INPUT FOR THIS TASK: Begin

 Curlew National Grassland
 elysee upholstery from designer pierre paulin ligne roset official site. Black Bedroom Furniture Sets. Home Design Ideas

INPUT FOR THIS TASK: End
INPUT FOR THIS TASK: Begin

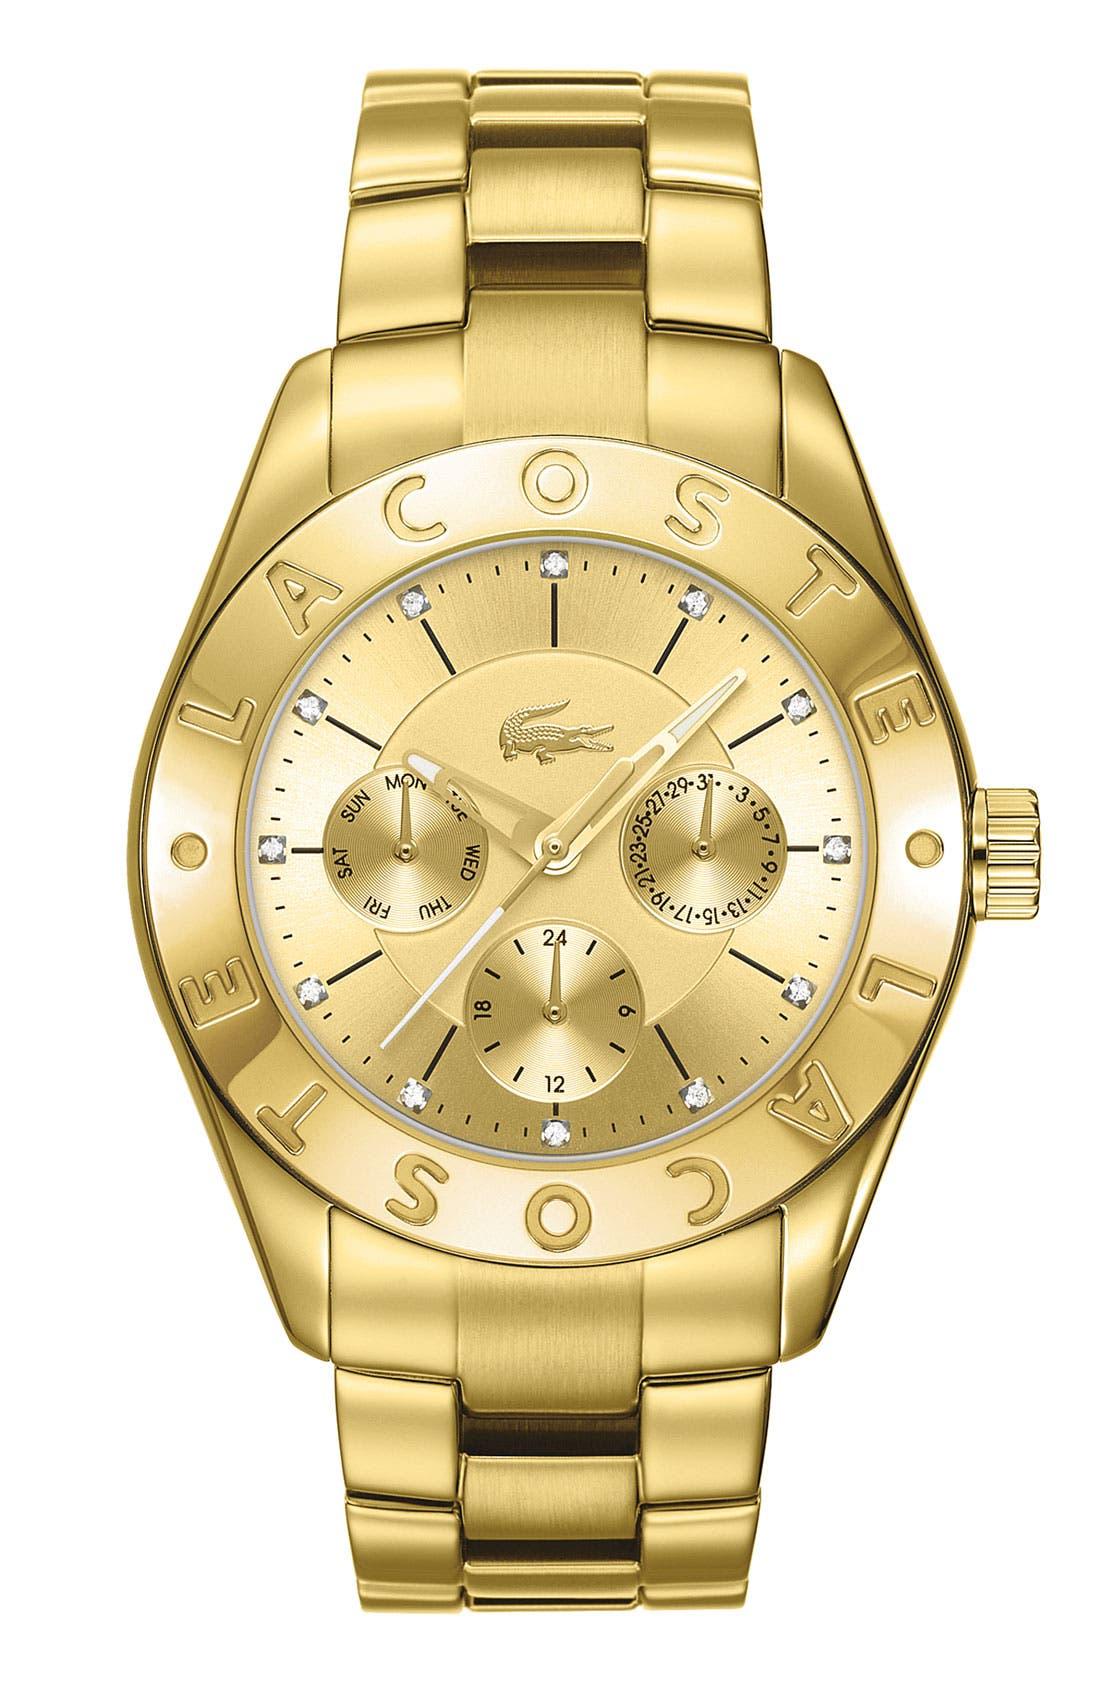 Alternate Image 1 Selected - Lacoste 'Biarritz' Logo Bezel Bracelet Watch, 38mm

INPUT FOR THIS TASK: End
INPUT FOR THIS TASK: Begin

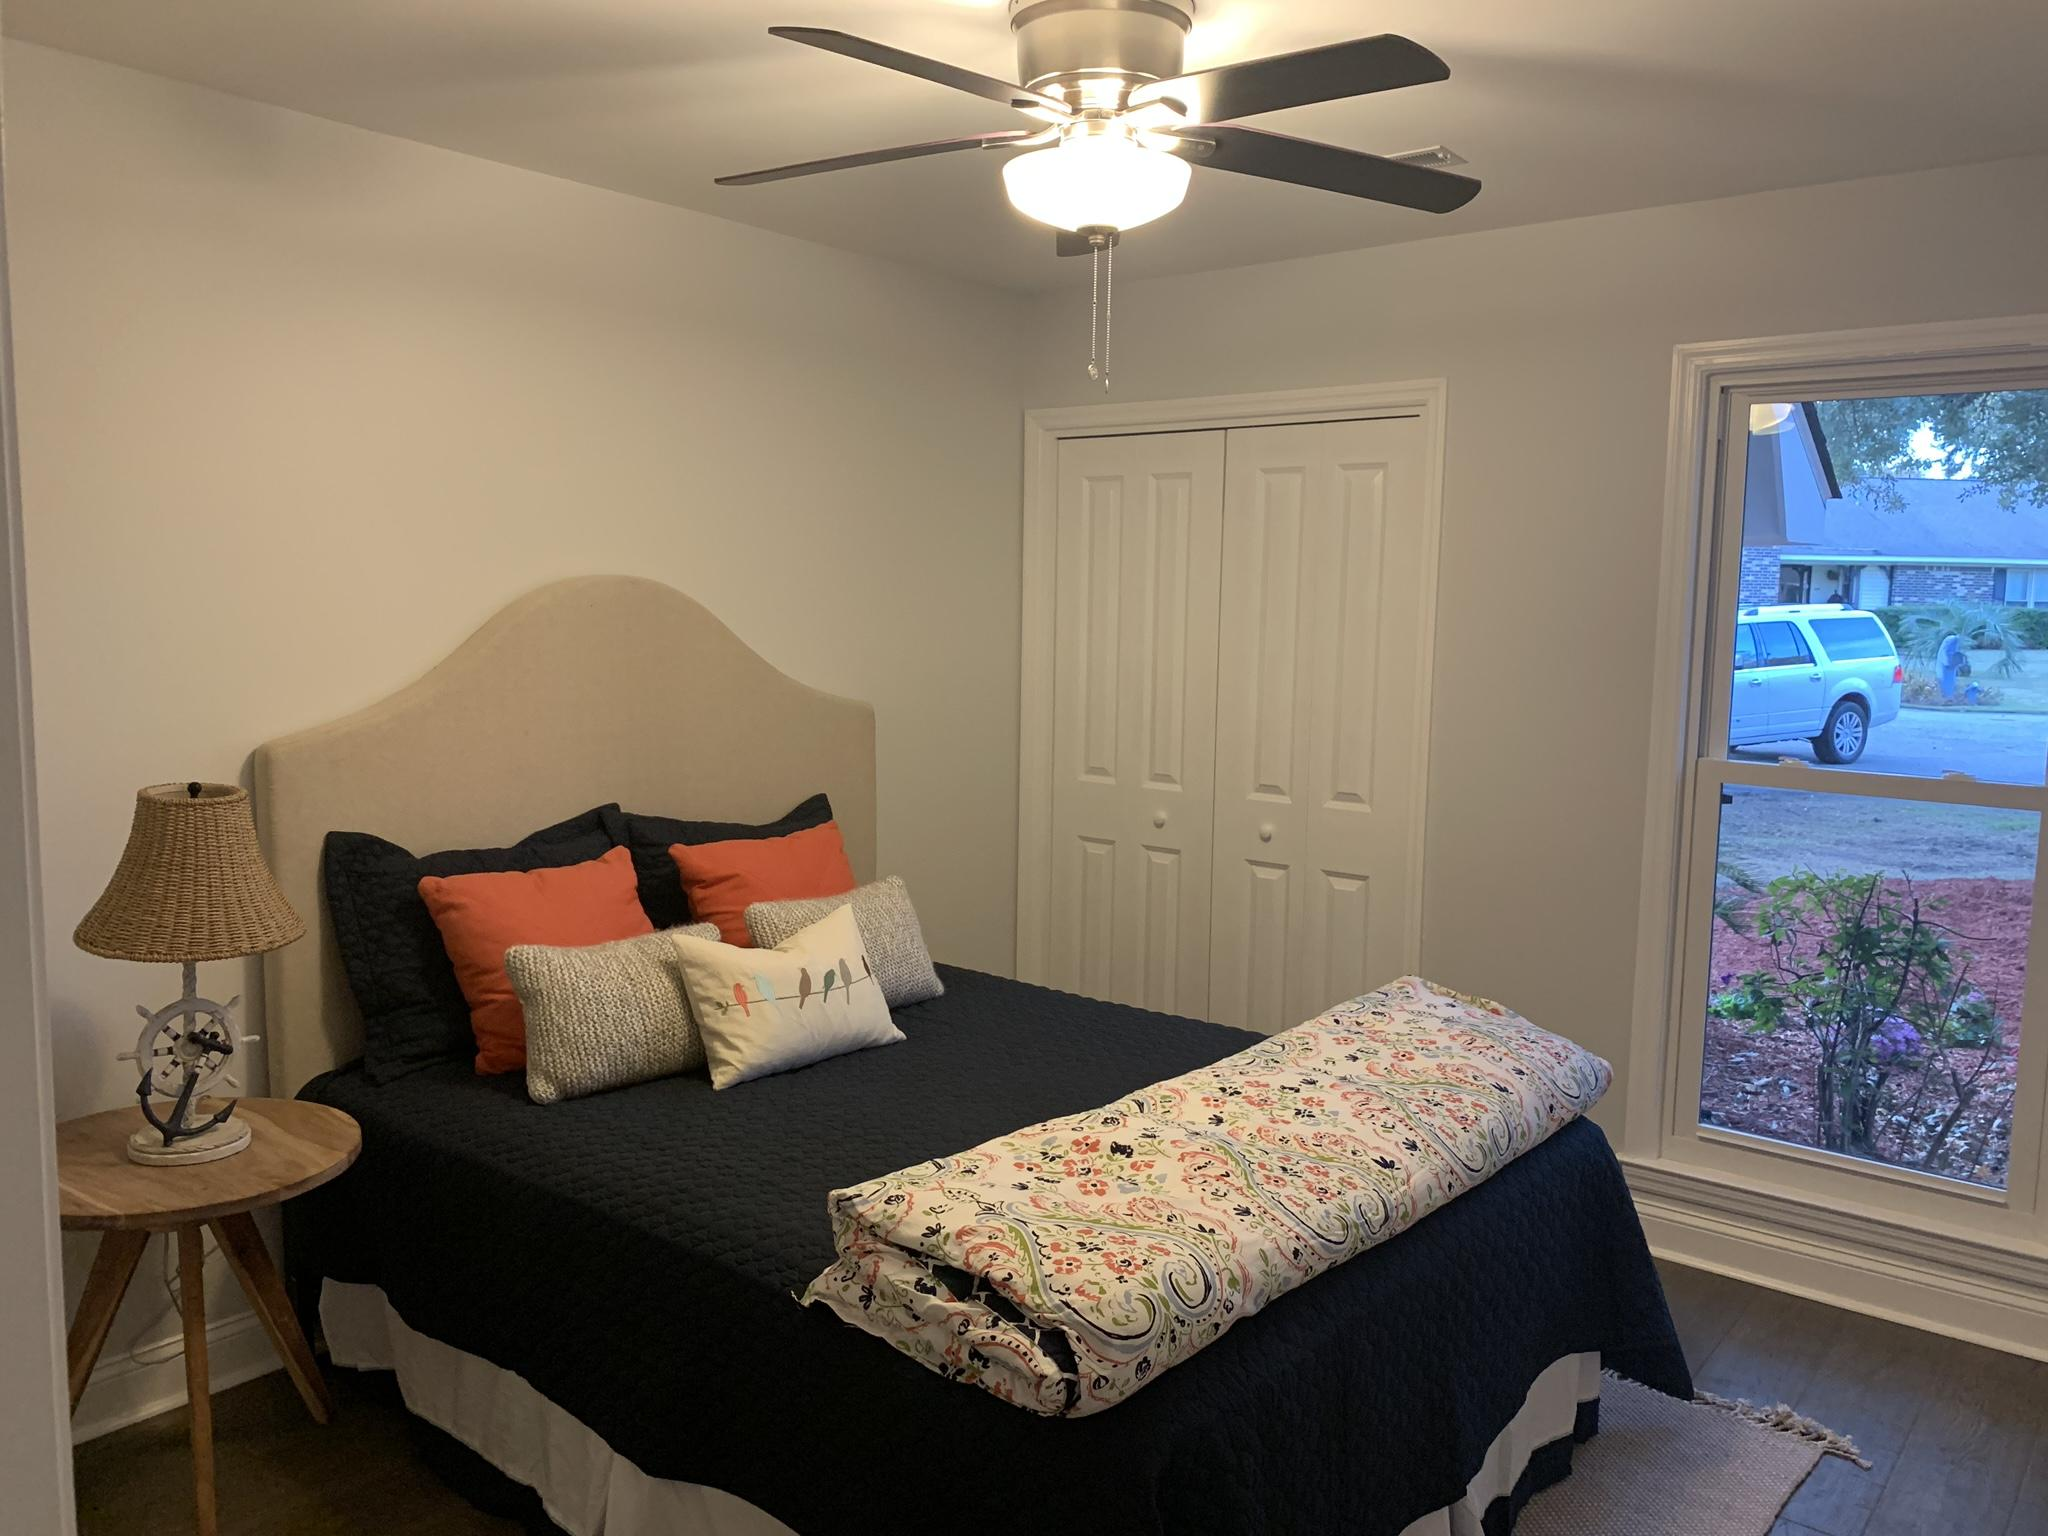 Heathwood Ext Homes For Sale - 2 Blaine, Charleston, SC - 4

INPUT FOR THIS TASK: End

-- WORK TO BE COMPLETED --
Start with the line above that contains "Curlew National Grassland" and end with the line that contains "elysee upholstery from". Write out those lines exactly, and only those.

-- YOUR SOLUTION --
 Curlew National Grassland
 elysee upholstery from designer pierre paulin ligne roset official site. Black Bedroom Furniture Sets. Home Design Ideas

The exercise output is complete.